Несопротивление

Ханна Стина
День начался с несдержанной интонации, за которую я неожиданно получила от тебя в табло. Не сильно. Лишь достаточно неожиданно, чтобы  открылась маленькая каморка внутри, то самое место для самой большой боли. И она вывалилась ненужным хламом, как много раз до этого. Боль можно долго складывать как багаж, готовясь к выходу, нажимая ногой чтобы влезло, и оно влезет. Только там сломаны двери, уже давно, помнишь, ты обещал их починить, когда еще любил меня. Теперь ты говоришь - я и такой тебя люблю.. и бьешь меня по лицу, чтбы привести в чувство. И видя, что сделал еще хуже, поспешно уходишь, чтобы не сделать еще хуже.

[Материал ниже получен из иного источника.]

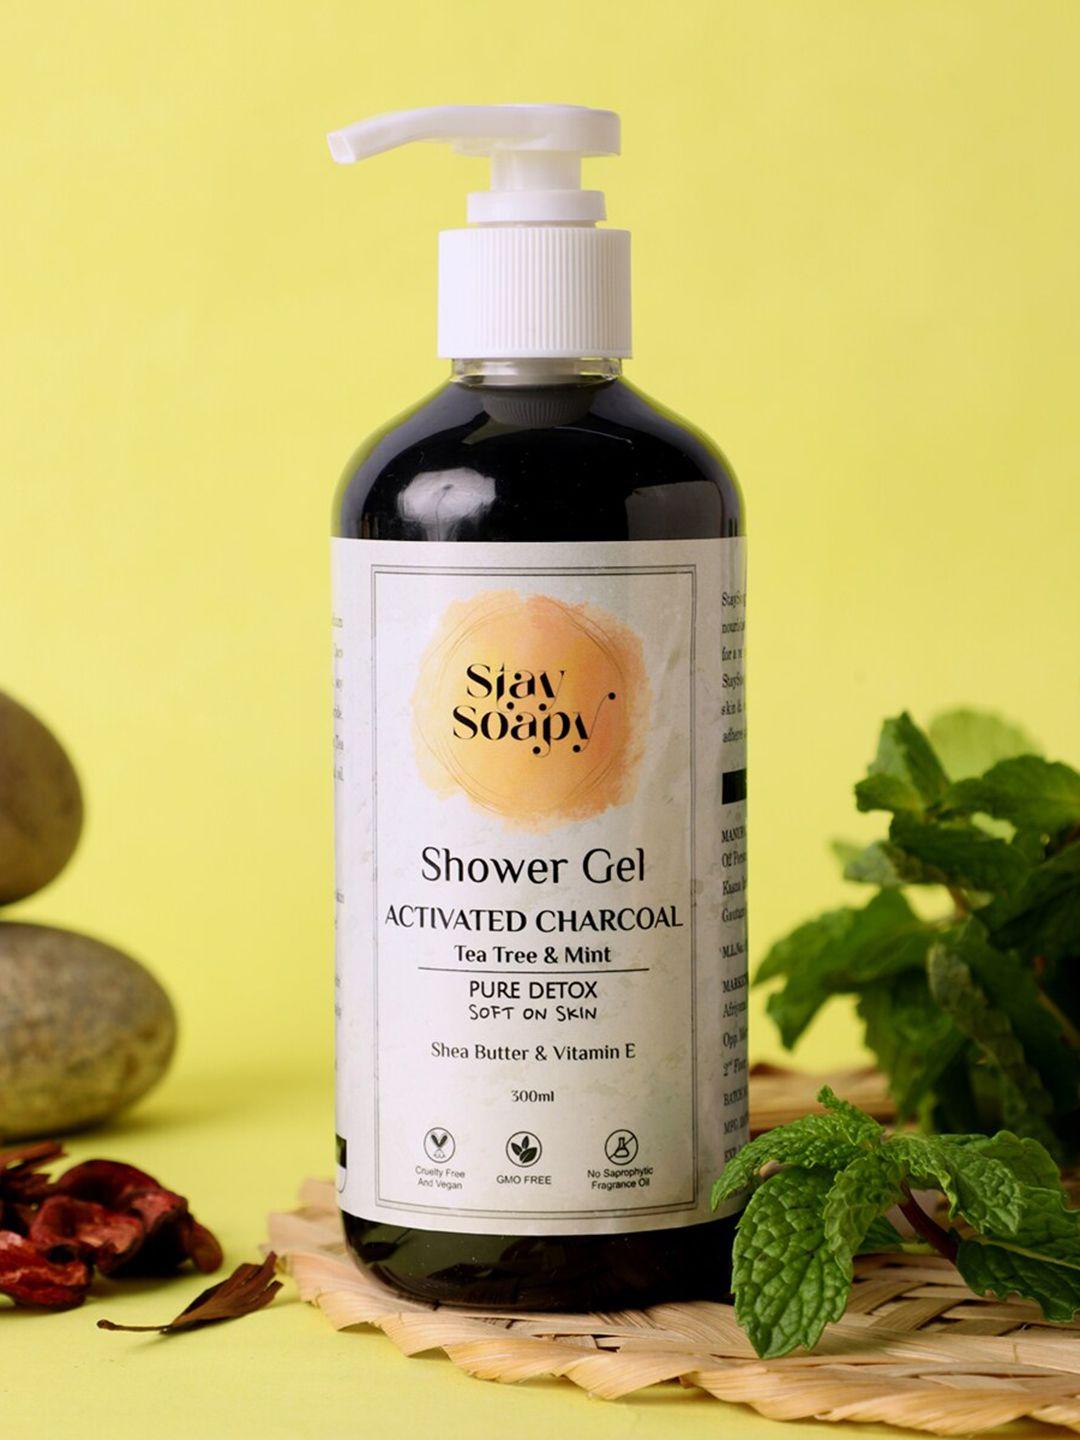 stay soapy set of 5 activated charcoal with tea tree & mint shower gel 300ml each

  Это выражение лица надо как-то спрятать, замазать. Срежьте мне части скул, подтяните оставшееся, будет очень очень, будет ангельский разлет удивления, и даже несдержанность будет идти такому лицу. Ты не ударишь его, не уйдешь, ты останешься и будешь говорить мне что-то, вытягивая меня из ада, достигая со мной коллапса вечного возвращения, возможно даже мы будем трахаться, пока у соседей сверху играет какая-то ***ня абсолютно в тему нашей бессмысленной ссоры, я буду сметься над тем, что нам не дают кончить спокойно, а ты закроешь мне уши, закроешь ртом мой рот и
  Ты ушел, а я прокаженная, сама себе труп из малхолланд драйв, лежала в простынях и наверное умирать легче, детка, чем отживать это дрожание твари, нервного комка в груди, расползающегося пауками ненависти к себе. Рука рефлекторно поднимается к голове с невидимым пистолетом, ища спусковой крючок. Не помню, откуда я помню это ощущение стальной тяжести в руках и спасительно упирающегося в висок ствола. Не помню, откуда я помню
  Ты всего лишь пережидаешь одержимость - сказал мне внутри кто-то безразличный и разрешил мне вдохнуть. ПОдтянул мои колени к груди. Перекатил поперек кушетки. Расслабил мои мышцы и перевернул тело на спину.
  Демоны были накормлены и молчали как спящие дети.
 То, что осталось от меня, пошло на кухню делать поздний завтрак. С кружкой чая и каким-то кусками я позорно бежала от невидимой канонады присутствия, в бункер включенного компьютера
  Каморка внутри была снесена. Это всего лишь какой-то плохой фэншуй, ничего особенного. Кроме того, что не дать ему нарости снова, под прицелом твоих глаз. У меня нет прицела больше, и не пытайся убедить меня в его необходимости. Я не иду с тобой ни на войну ни на учения - у меня глаза-волнорезы. Они будут красиво накрашены и скрыты темными очками. Тело будет в бархате и изрезанной ремнями куртке. Ноги на острых каблуках. Уши в плейер. ноги сами собой к остановке.
 Joy Division звучал искрящимся диско в голове. Очень юная девушка одетая с небрежным циничным вызовом, уже больше чем неформалка, но меньше чем настоящая хищница, бегло оглядела меня и стояла спиной, выдавая нервность. Я решила, что последую сегодня за ней, умело, как в кино, незаметно,  пусть это будет мой белый кролик.. Ожидание затягивалось и скоро мне стало все равно.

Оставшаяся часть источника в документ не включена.